我们首先描述了几个具有代表性的操作应用程序,这些应用程序需要在不同的时间和空间粒度级别上进行流量测量。这里的一些目标似乎与IPFIX类似,至少在支持的应用程序的广泛类别中是如此。PSAMP的主要优点是支持新的网络管理应用程序,特别是它所支持的包选择器所支持的那些应用程序。
Packet Sampling is ideally suited to determine the composition of the traffic across a network. The approach is to enable measurement on a cut-set of the network links such that each packet entering the network is seen at least once, for example, on all ingress links. Unfiltered Sampling with a relatively low selection fraction establishes baseline measurements of the network traffic. Packet Reports include packet attributes of common interest: source and destination address and port numbers, prefix, protocol number, type of service, etc. Traffic matrices are indicated by reporting source and destination AS matrices.

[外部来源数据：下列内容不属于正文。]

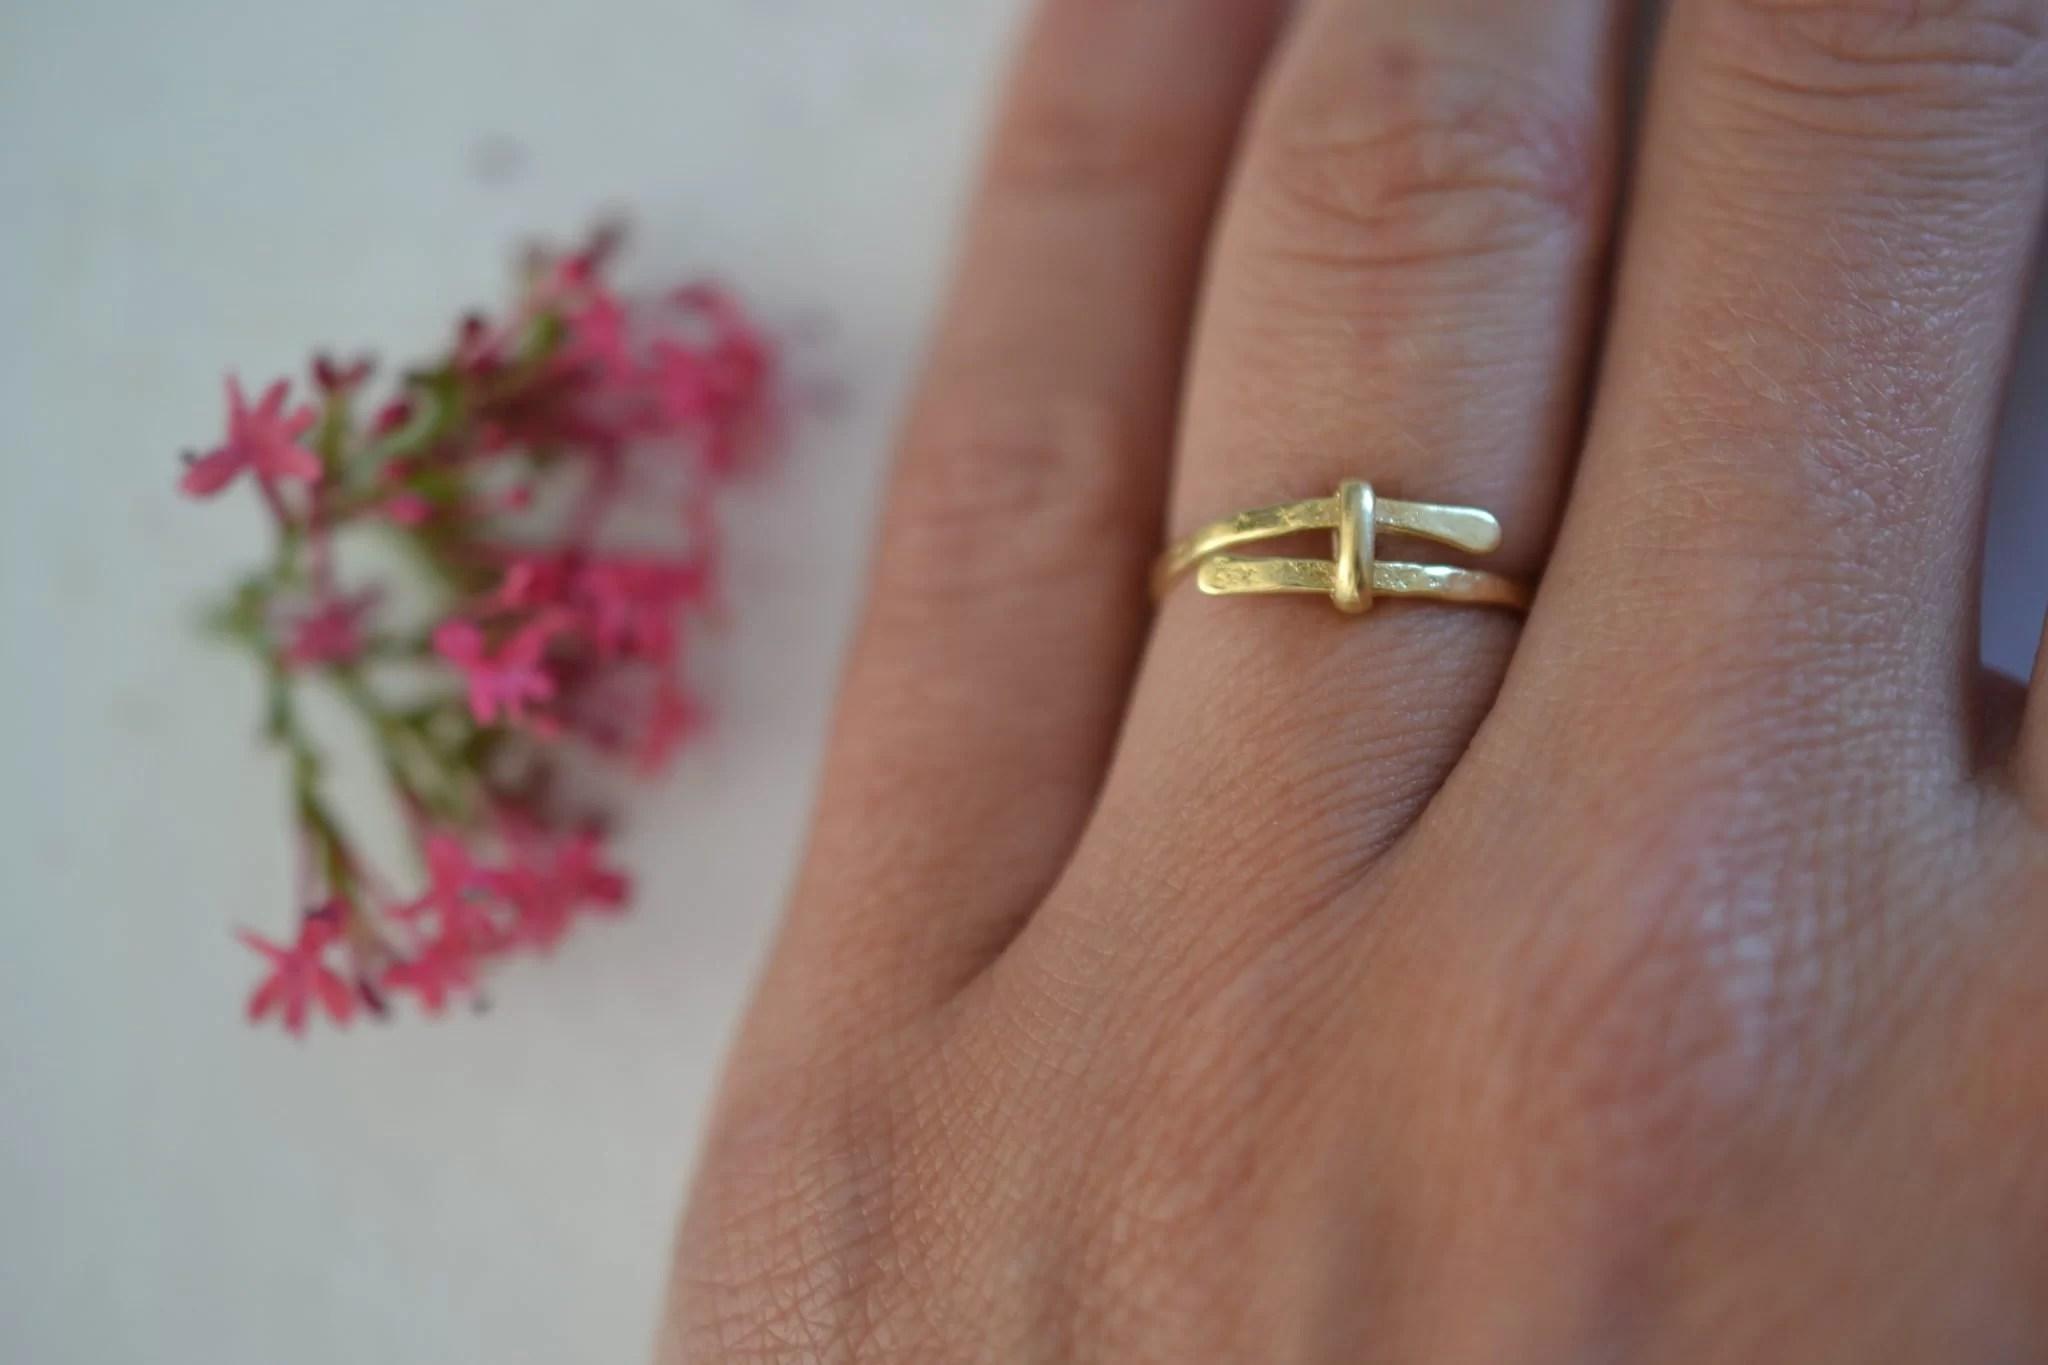 bague martelée en or - Bijou vintage certifé - 18 carats 750:1000 - bijoux éthique

Absolute traffic volumes are estimated by renormalizing the sampled traffic volumes through division by either the Configured Selection Fraction or the Attained Selection Fraction (as derived from input packet counters included in the Report Stream).
数据包采样非常适合于确定网络中流量的组成。该方法是使得能够在网络链路的割集上进行测量,使得进入网络的每个分组例如在所有入口链路上至少被看到一次。选择分数相对较低的未过滤采样建立了网络流量的基线测量。数据包报告包括共同感兴趣的数据包属性:源和目标地址和端口号、前缀、协议号、服务类型等。流量矩阵由报告源和目标作为矩阵表示。绝对业务量通过将采样的业务量除以配置的选择分数或获得的选择分数(源自报告流中包含的输入数据包计数器)来重新规范化来估计。

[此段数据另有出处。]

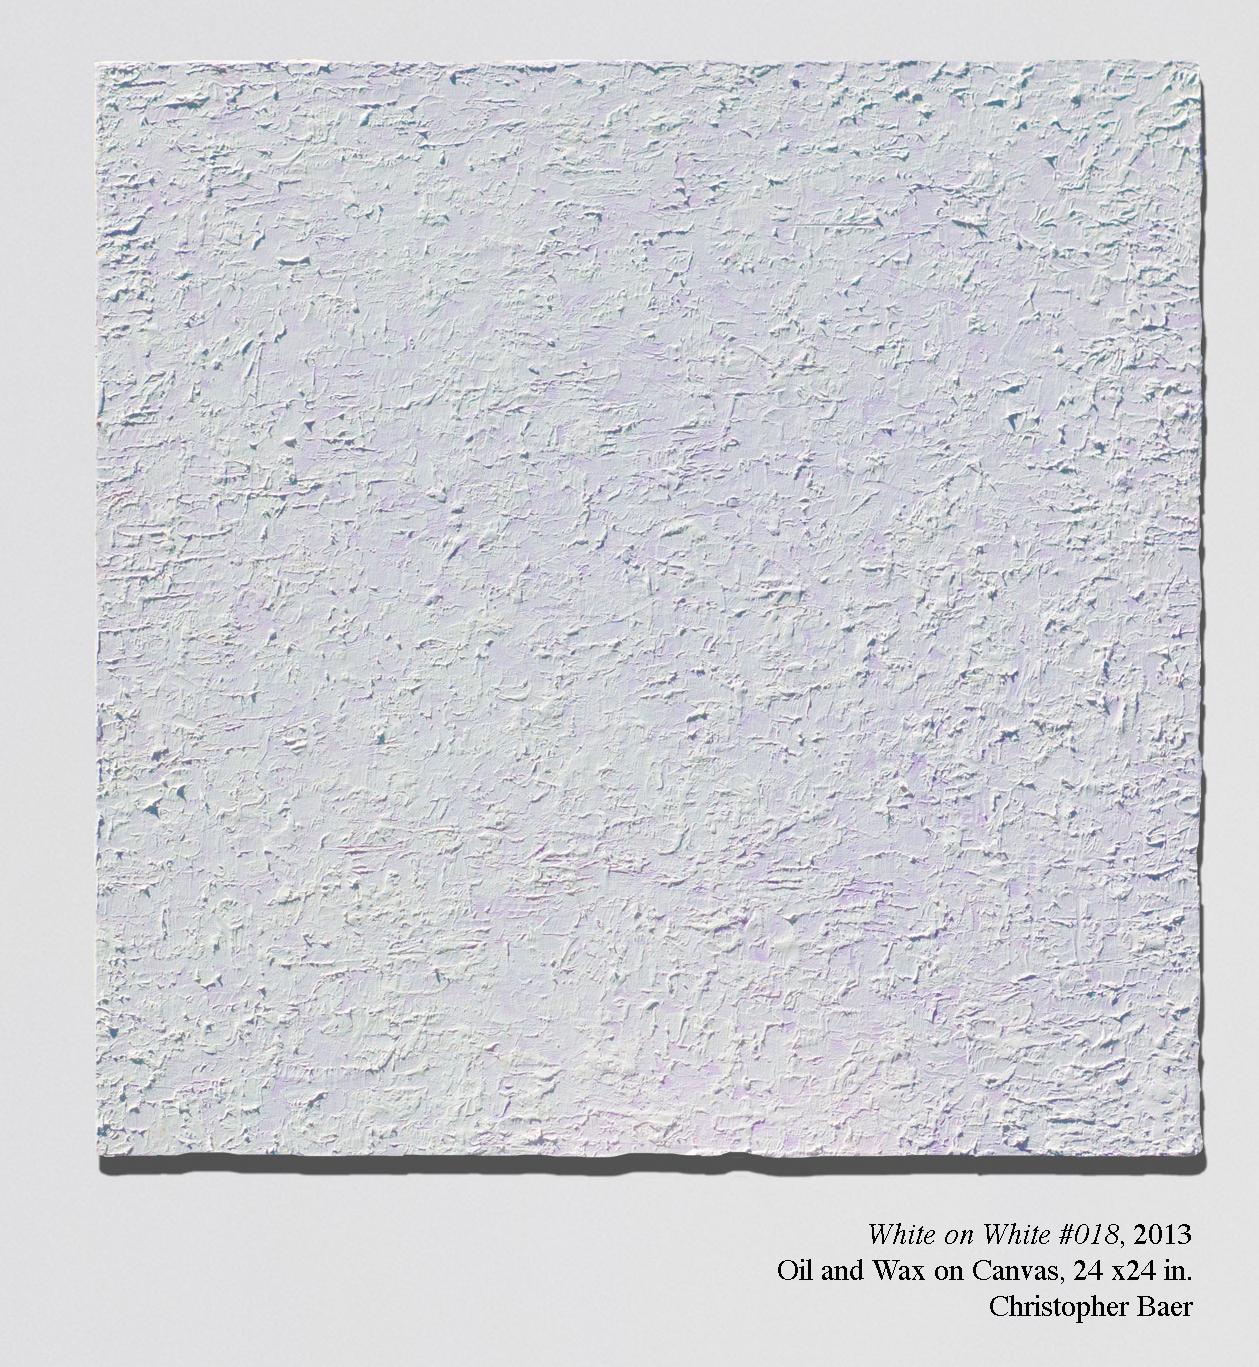 01whiteonwhite_018-text.jpg

Suppose an operator or a measurement-based application detects an interesting subset of a Packet Stream, as identified by a particular packet attribute. Real-time drill down to that subset is achieved by instantiating a new Metering Process on the same Observed Packet Stream from which the subset was reported. The Selection Process of the new Metering Process filters according to the attribute of interest, and composes with Sampling if necessary to manage the attained fraction of packets selected.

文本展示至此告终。